INSPIRATION: CAMP NOTES ON FASHION
Prepare to embark on a grand and extravagant journey into 300 years of camp culture, at the Metropolitan Museum, until September 8. “Camp: Notes on Fashion” analyses the origins of camp’s exuberant aesthetic and shows how the concept went from marginal to mainstream.
Mark your calendar! It is that time of year again. The Costume Institute’s spring exhibition – one of the most eagerly anticipated annual fashion events – is back. In 2018 it hosted its all-time most visited exhibit in its 149-year history: “Heavenly Bodies: Fashion and the Catholic Imagination”, a dialogue between fashion and medieval art. Fast forward a year: same place but drastically different and totally opposite atmosphere. Liturgical garments and accessories, intricate and delicate haute couture embroidery and medieval art gave way to yards and yards of tulle, thousands of feathers, splashes of pink, bows, sequins and more pink… Welcome to Camp!
A Sontag’s inspired show
Based on the American critic Susan Sontag’s famous 1964 Partisan Review essay, “Notes on Camp”, the 2019 exhibition of the MET’s Costume Institute – that will run through September 8 – explores this ever-changing concept. With more than 250 objects dating as far back as the 17th century, it features stunning pieces by the likes of John Galliano, Jean-Paul Gaultier, Alexander McQueen, Alessandro Michele, Franco Moschino, Jeremy Scott…
Andrew Bolton, the curator in charge of the Costume Institute, told the New York Times he had been considering the notion of camp for the last few years. He indeed explored Sontag’s essay – which contains 58 different definitions of the term “camp” – back in 2017 and introduced the designer Rei Kawakubo to the concept when mounting the Rei Kawakubo/Comme des Garçons MET’s exhibition. He also found his inspiration in the 2019 celebration of the 50th anniversary of the 1969 Stonewall riot, a turning point in LGBTQ politics in the United States.
From naïve camp to deliberate camp
“Camp: Notes on Fashion” is divided into two sections. The first half explores the roots of camp that go back to Versailles and the flamboyant posturing of the French court under Louis XIV. The show traces the origins of the word back to the French verb “se camper”, meaning “to flaunt” or “to posture”, that was used for the first time in Molière’s 1671 play “Les Fourberies de Scapin”. From then on, camp flourished and established itself out of Versailles into 18th and 19th century queer culture – from the story of Fanny and Stella, two Victorian cross-dressers to Oscar Wilde’s sensibility – before hitting the mainstream in the 60’s.
The “Failed Seriousness” passageway that leads towards the show’s second part is particularly well articulated and gives us clues as to the difference made by Sontag herself, between “naïve camp” and “deliberate camp”. In a succession of windows, Bolton presents couture dresses right next to their extravagant contemporary counterpart.
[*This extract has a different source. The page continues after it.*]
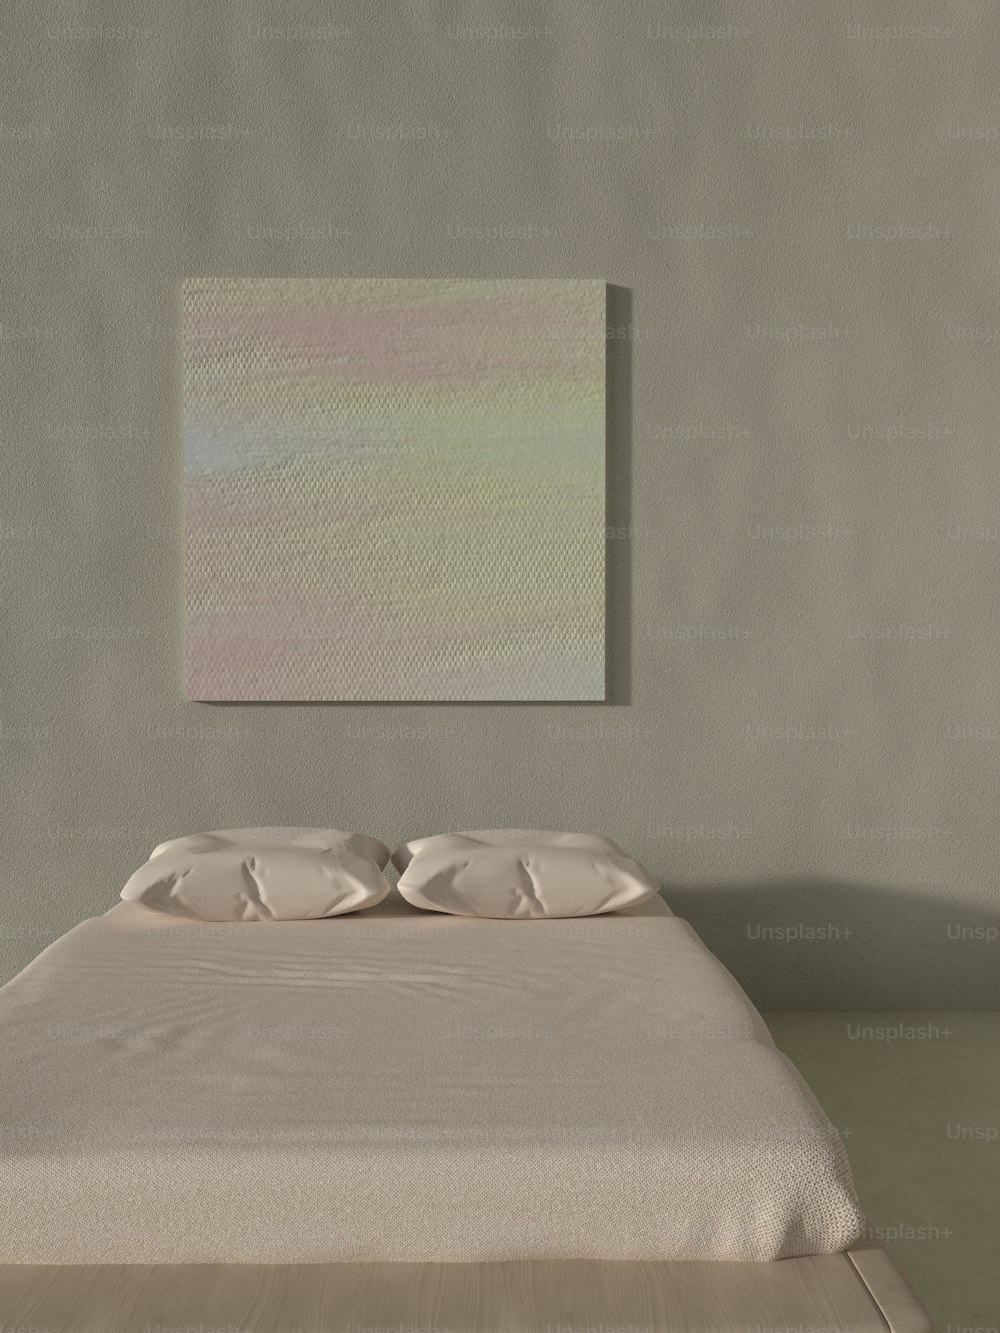 壁に絵が描かれた部屋のベッド

Amongst those unprecedented vis-à-vis: a 1983 Yves Saint Laurent couture evening gown sporting a gigantic pink bow faces a 2017 Moschino real-life trompe l’oeil paper doll dress with an over-the-top two-dimensional bow.
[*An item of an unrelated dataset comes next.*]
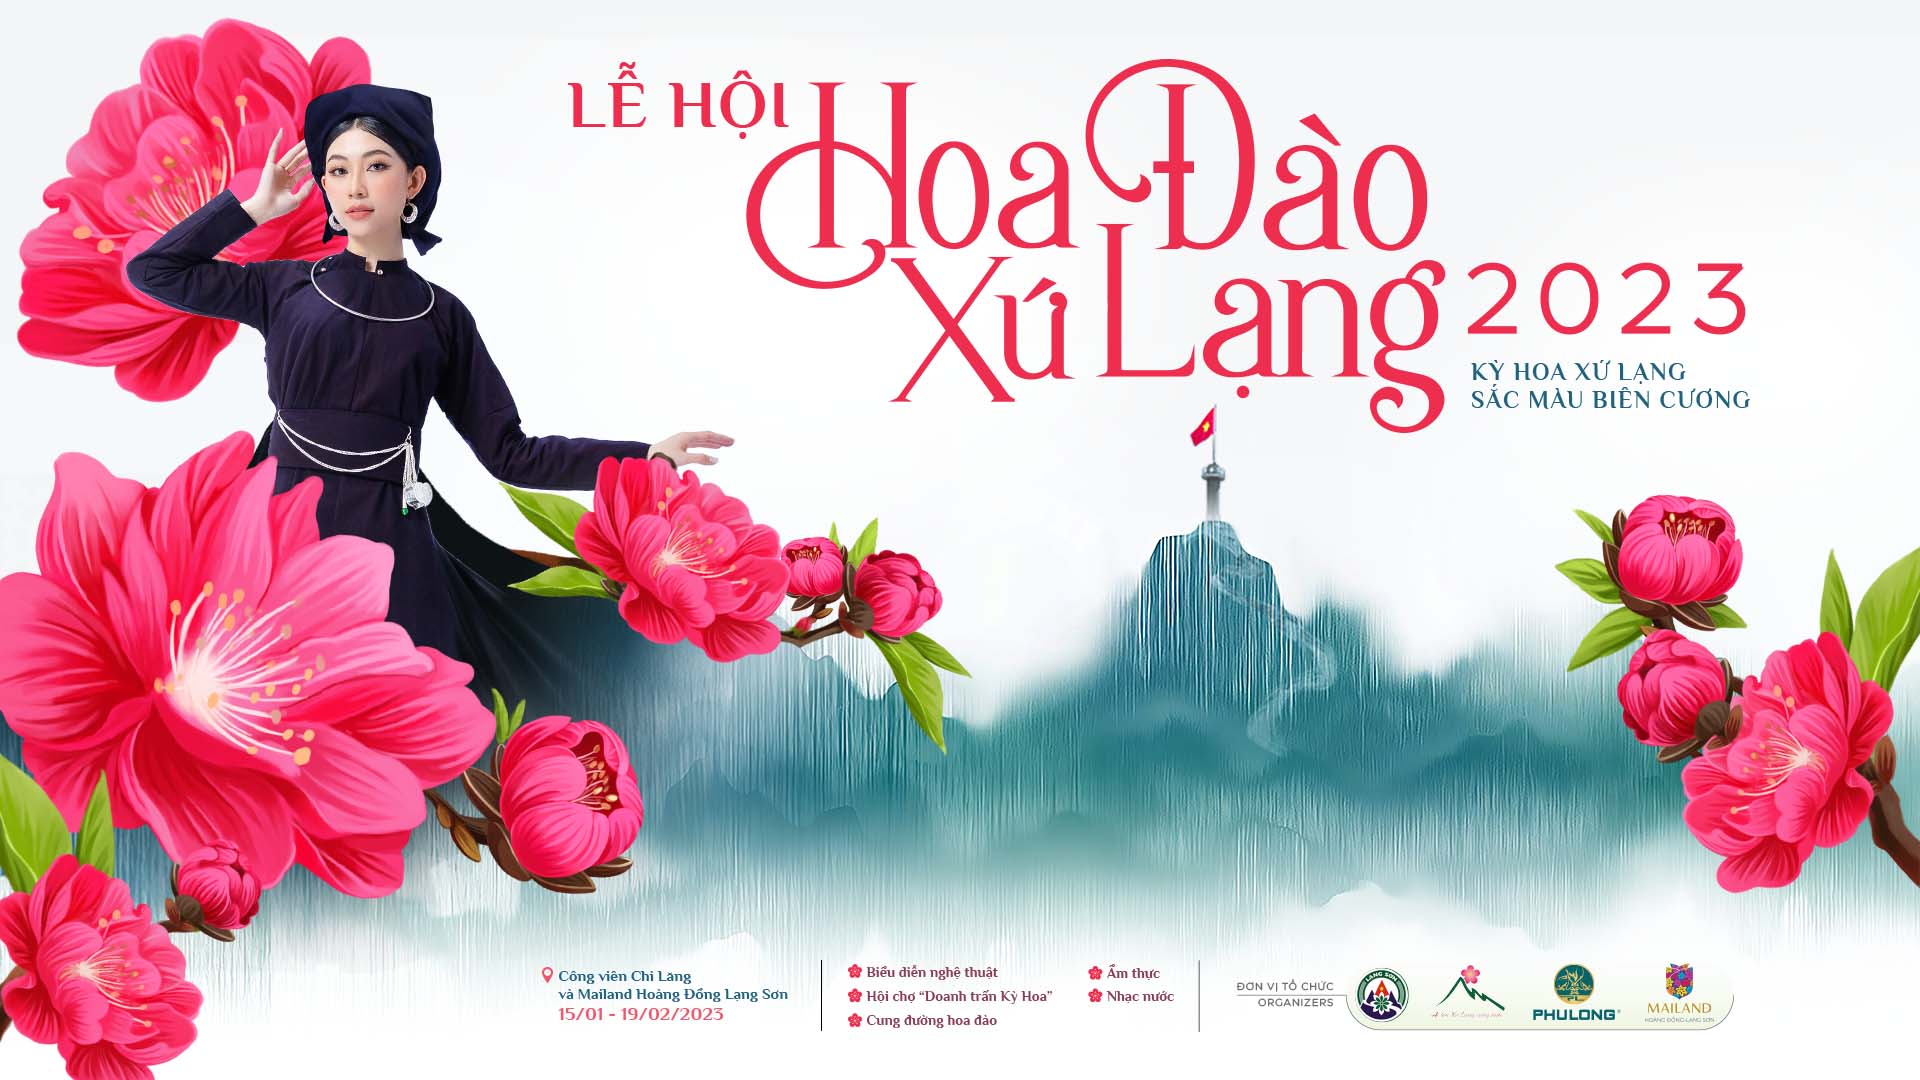 Lễ hội Hoa Đào Lạng Sơn 2023 - Kỳ hoa xứ Lạng, sắc màu biên cương - Ảnh 1.

While the first part of the show – that takes place in flamingo pink narrow corridors – presents the less obvious stages of camp, the second half opens onto an immense instagrammable room and highlights the extravagant, “in your face” camp thanks to a series of colorful floor-to -ceiling cubicles. An overwhelming, head-turning number of over-the-top pieces are presented: Moschino’s Jeremy Scott F/W 2019 “TV Dinner” evening cape covered with faux peas, carrots and mashed potatoes, Thierry Mugler’s F/W 1995 oyster shell dress wore by Cardi B to the 2019 Grammys, Manish Arora’s S/S 2019 circus carrousel dress, Jean-Charles de Castelbajac’s F/W 1988/89 “Arche de Noé” teddy bear jacket, Bjork's famous 2001 swan dress by Marjan Pejoski, Viktor and Rolf’s S/S 2019 “Less is More Haute Couture gown… to name but a few.
What is camp after all?
The 2019 Costume Institute exhibit theme appears to be deeply intellectual, intellectualized, and conceptual. The show certainly plays with the audience’s brain throughout the whole show. Andrew Bolton, the mastermind behind it all, explains that the term is "nearly impossible to define or summarize, but that’s part of its poetry". Camp is in the eye of the beholder: each and every person visiting the exhibition constructs his/her own personal take on this blurry and evanescent concept. This subjective, ever-evolving and subversive nature is what makes camp so compelling. Do not hesitate to scratch the frivolous and humoristic surface to discover a more political, profound and tragic aspect to it. And enjoy this fun and fantastical journey!